Sunday, October 25, 2009

Raison d'etre


As of late, I catch myself smiling for no reason, reciting and writing poetry, leaping out of bed in the morning unable to contain my fervor. Muffling a giggle during a meeting. Tapping my foot on the metro. The cloudiest of days do nothing to daunt me. I have experienced a reawakening of sorts, the flame in me re-lit and burning certain. It has been a long and arduous courtship, but I have finally fallen in love.

Yes, I have finally fallen in love with the French language - and everything about it! To those who know me well, this comes as no surprise, but it's boiled over to a point where I just have to announce it to the rest of the world!

It started the summer after 8th grade when my family and I flew to Paris, France, for a week. That was the first time I'd visited a country where I couldn't understand the language. My family had gone to Vietnam before this, but my lackluster conversational Vietnamese still got me by. In France, I had no idea what anything was past "baguettes" and "champagne," the latter of which I was too young to consume anyway. Out of curiosity, not necessarily a desire to learn French, I bought myself a French/Italian/German phrasebook and sounded out as many nasal sounds as I could. ("Co-MAHN tu t'apelle?") However, I decided that I'd never be able to pick up another language by reading phrasebooks alone. So I gave up.

Instead of trying to learn French, I pulled my focus back to resources I already had: the two years' worth of basic Spanish vocabulary I had stored in my brain...which wasn't much, but it was something. I went to Spain two years later on a trip that eventually transformed and defined my young adulthood. Entering college, I chose to major in Spanish. All in all, the French language's career in my life was forced into early retirement. Bu like a stubborn worker, it never gave up on me.

French came back in different forms. French songs slowly made their way onto my iPod, Edith Piaf's gusto sounding the first alarm. Close friends would recommend French films to me. Disney released Ratatouille. Even Target started selling black and white photos of Paris! I dismissed this as an effort to capitalize on France's appeal. Too easy. Why would I want to give into this mainstream false romanticization of a city I walked through once as a girl?

But it wouldn't stop. It was incessant, insistent. It found other tactics to enter my life.

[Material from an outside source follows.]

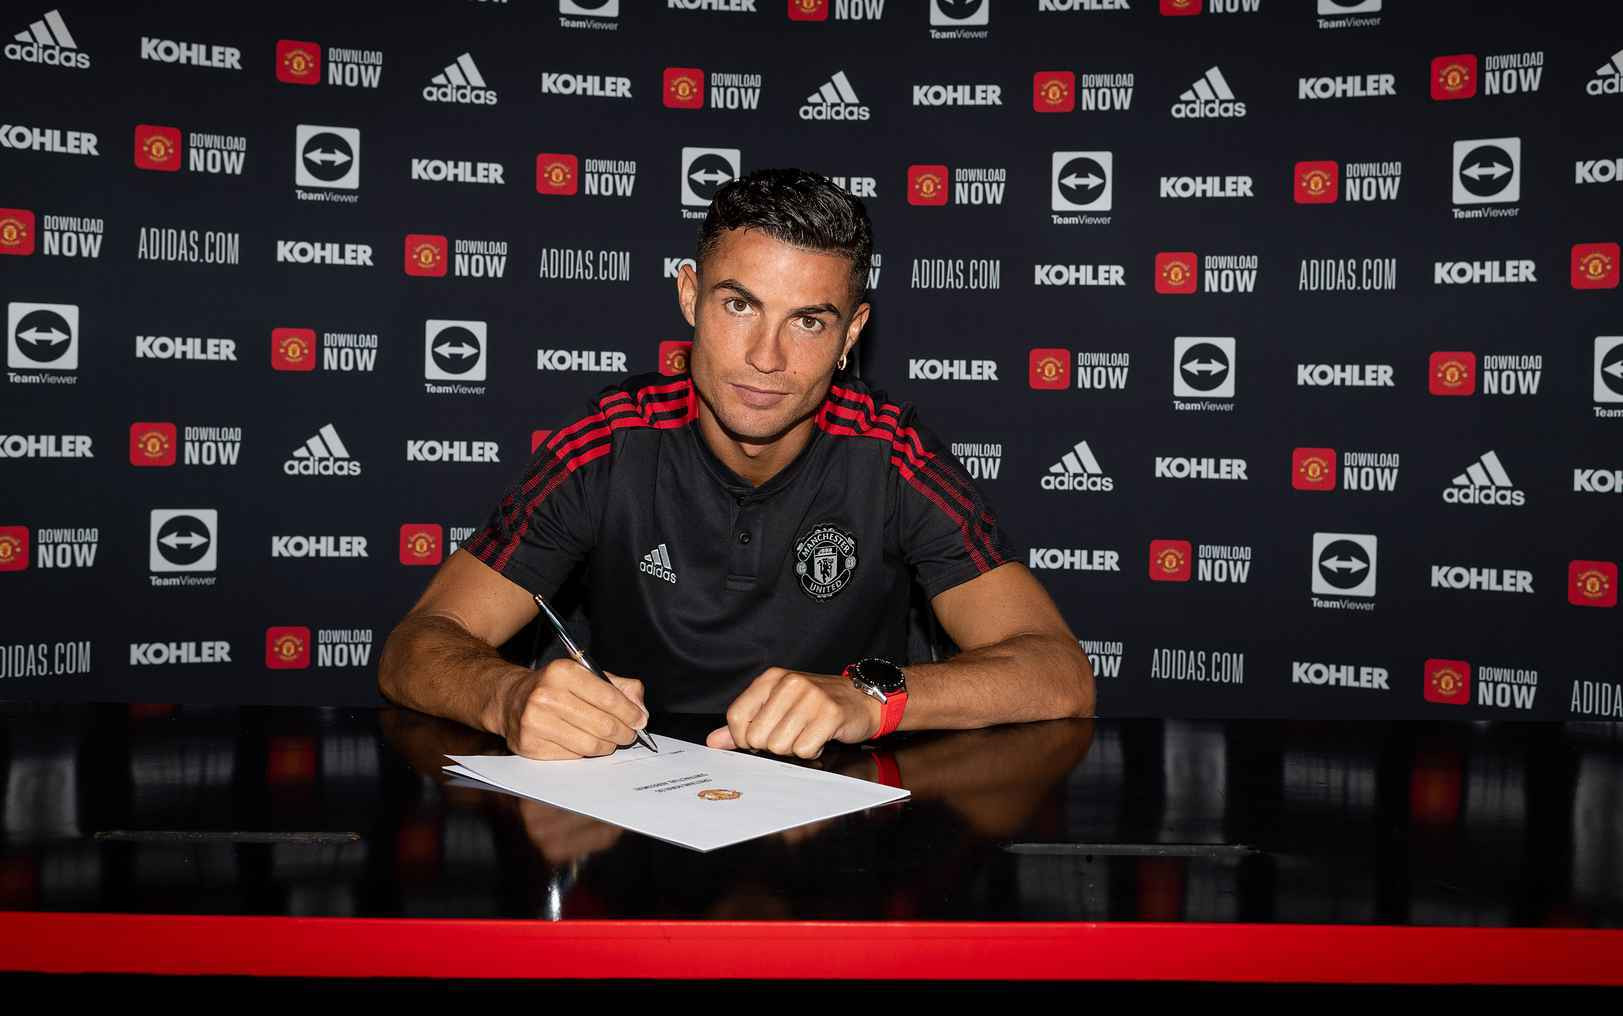 Siêu sao người Bồ Đào Nha vừa chính thức đặt bút ký hợp đồng với Man United

My brother's entrance into culinary school and penchant for French cooking introduced terms like boef bourginon into my vocabulary. My college roommate Jenny went to Switzerland one summer and came back wanting to learn French. For months, my nights were subject to YouTube tutorials of French playing in the background. My former boss' mom, whom I spent a considerable amount of time with, would speak French to me when I drove her around, encouraging me to study the language because it was "tres sexy!" When I moved to the east coast, I quickly learned that the immigrant demographic on this side of the U.S. consisted of many West Africans, many of whom spoke French beautifully. Hell, even Vietnam's colonial past communicated to me through textbooks that French could have once been in my blood. If not, it was at least part of my cultural heritage.

Okay, I thought. Fine.

Fast forward to about two weeks ago. I woke up one morning and decided I wanted to learn. I started with songs I already knew and painstakingly taught myself how to pronounce words. I went back to that phrasebook that I bought years ago and flipped through the pages hopefully. What a rush. I had forgotten how thrilling it was - how FUN it was - to learn a new language. After reaching fluency in Spanish, I didn't have much to learn past additional vocabulary. I did take German as a senior in college but couldn't even finish a full year because it was one too many courses on my already-full schedule. Learning French, though, was not going to be something I half assed, I told myself.

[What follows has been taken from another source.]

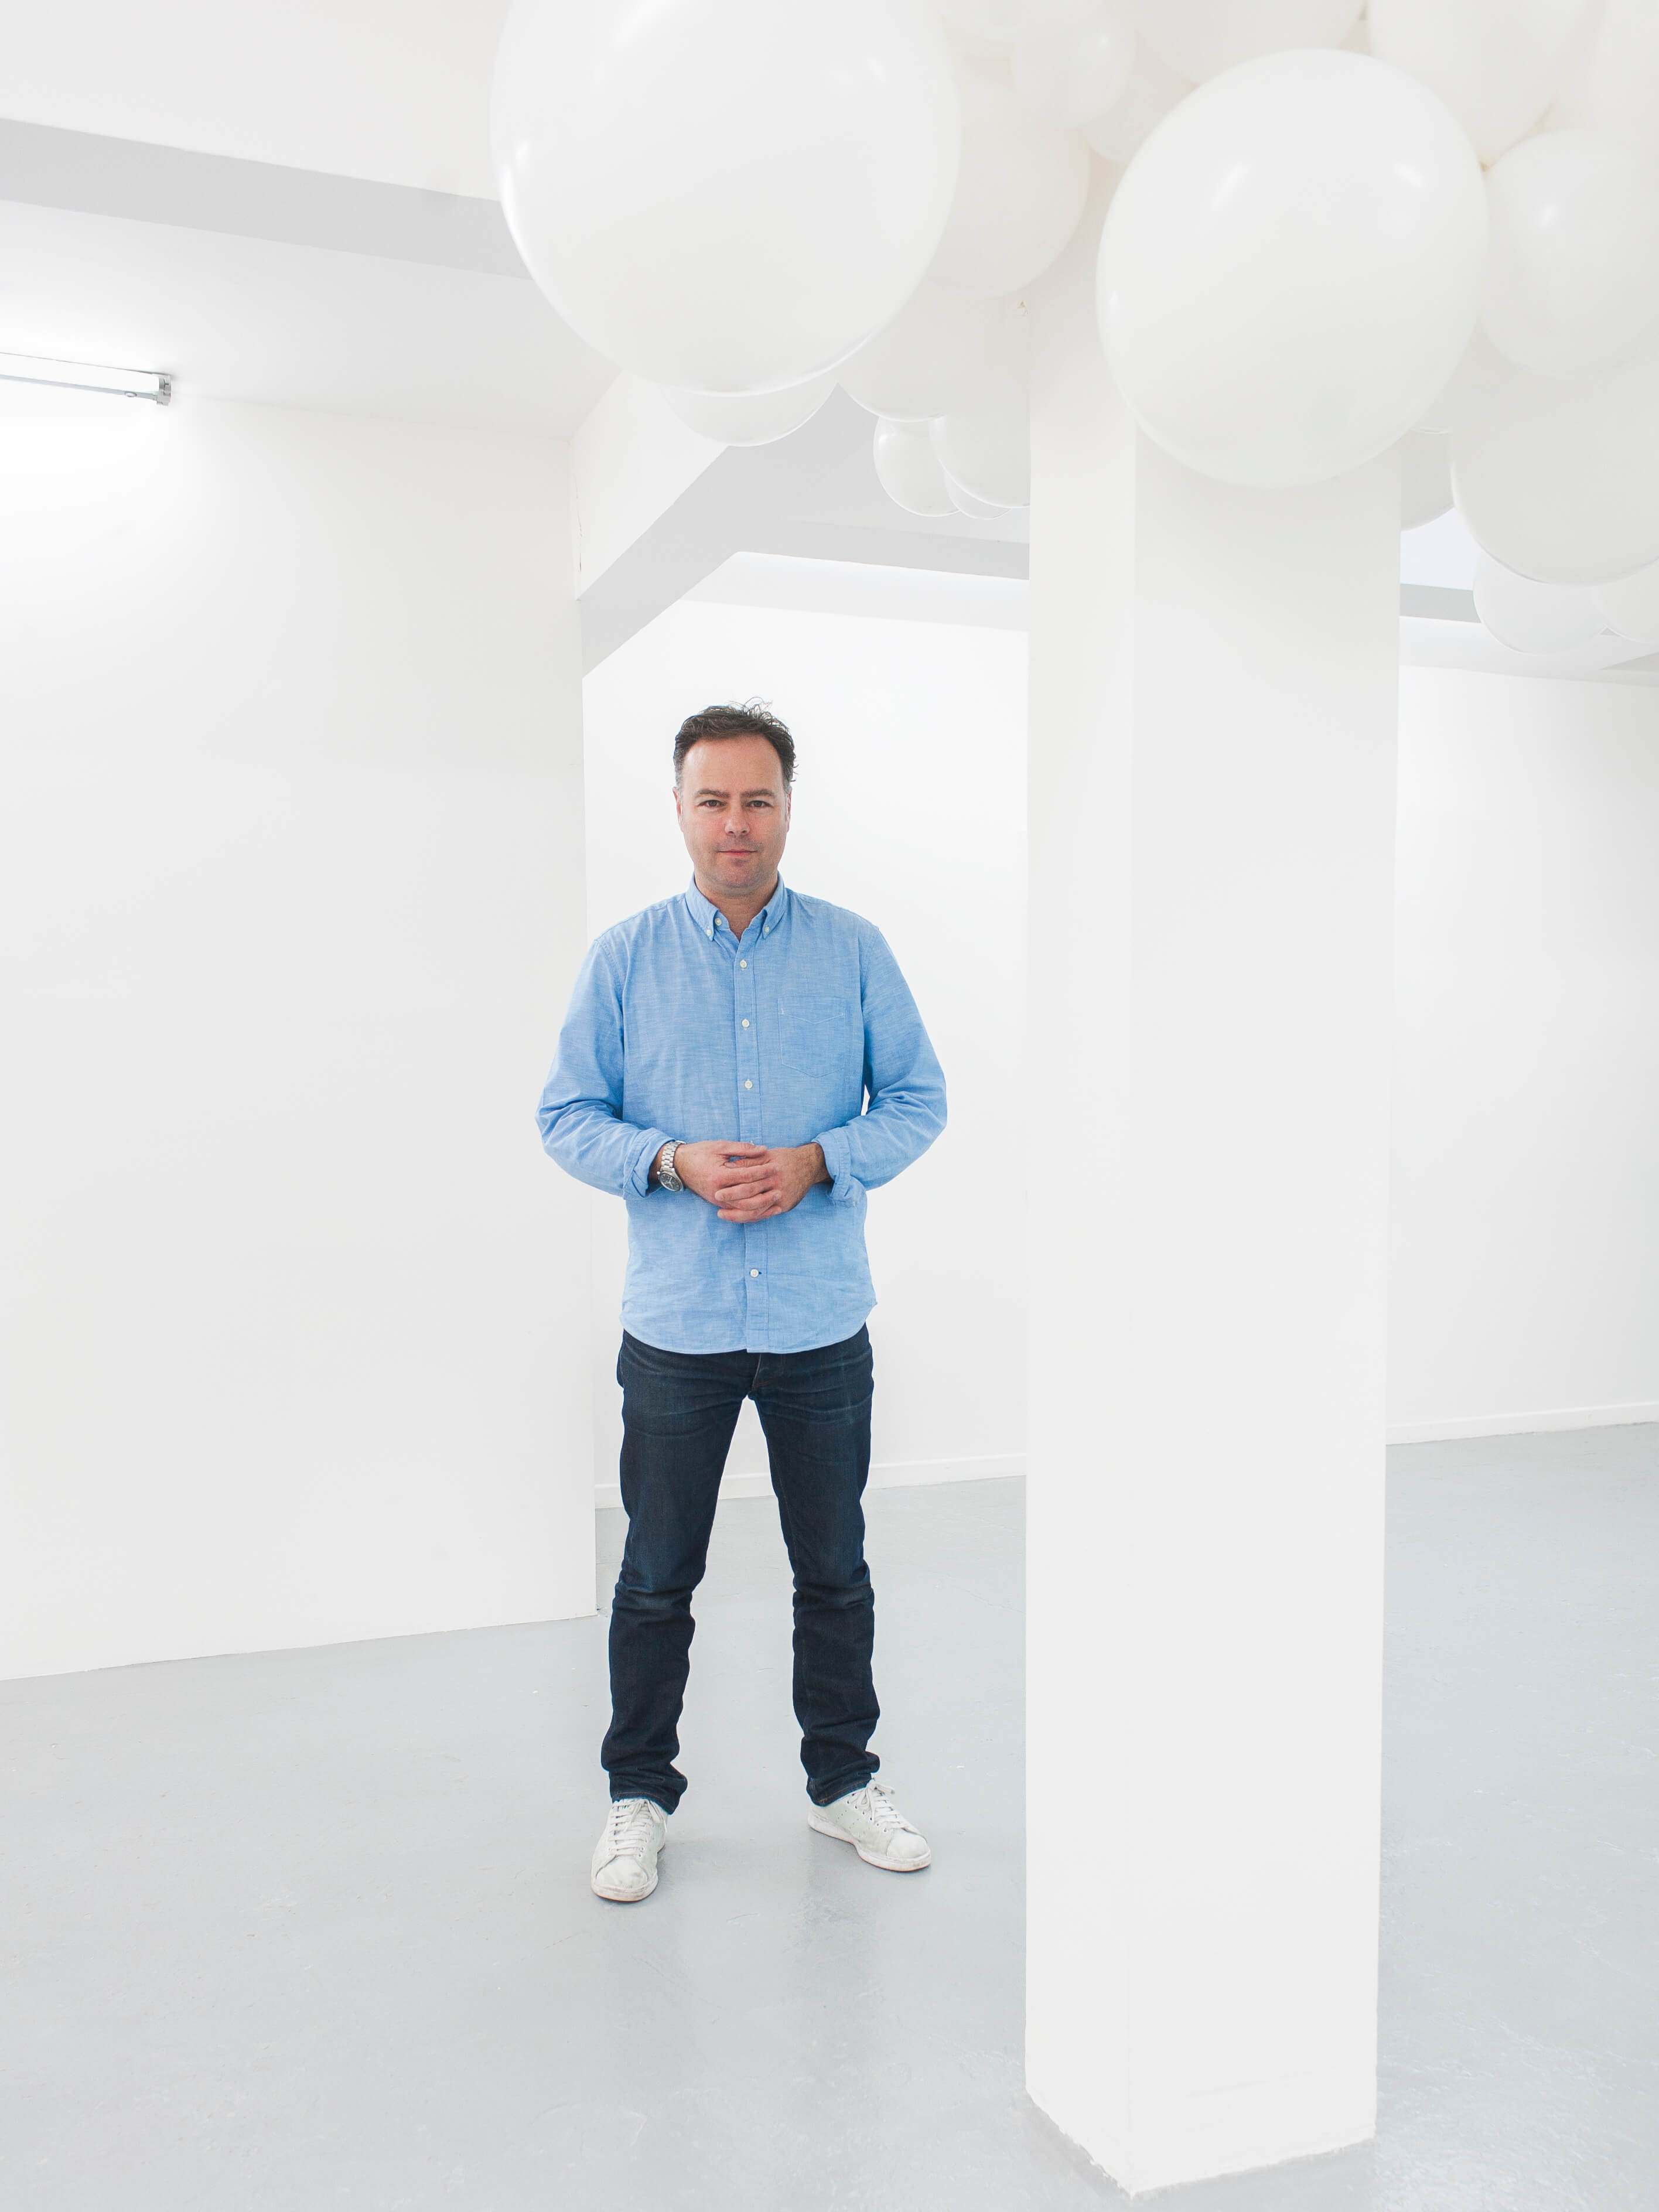 L’artiste Charles Petillon est connu pour ses œuvres d’art mettant en scène des ballons. Son installation utilisant des tissus Sunbrella a été présentée lors de l’exposition SuperDesign de Milan en 2017.

I sought out a group of people who meet at a restaurant called La Lavandou every weekend of the month for French workshops. After showing up, I met people who were equally excited about learning this language. My teacher was surprised of my prior knowledge of the language. This surprised even me. Who knew how much I already knew from my brother's cookbooks, my former boss' mom's French interjections, the French films I'd watched, the songs I listened to, and the phrasebook vocabulary I had retained?

You could say I've found a "nouvelle raison d'etre" while out here.

The thing I love most about learning languages is not how the process makes me feel. While it is the closest thing I will ever know to heaven on earth, I love that language is both a barrier and a bridge to other people. It is a means to which we can learn more about each other and about ourselves. In learning a new language, we come to understand our limits but eventually come to realize that enthusiasm, earnst, and humility are understood without ever saying a word.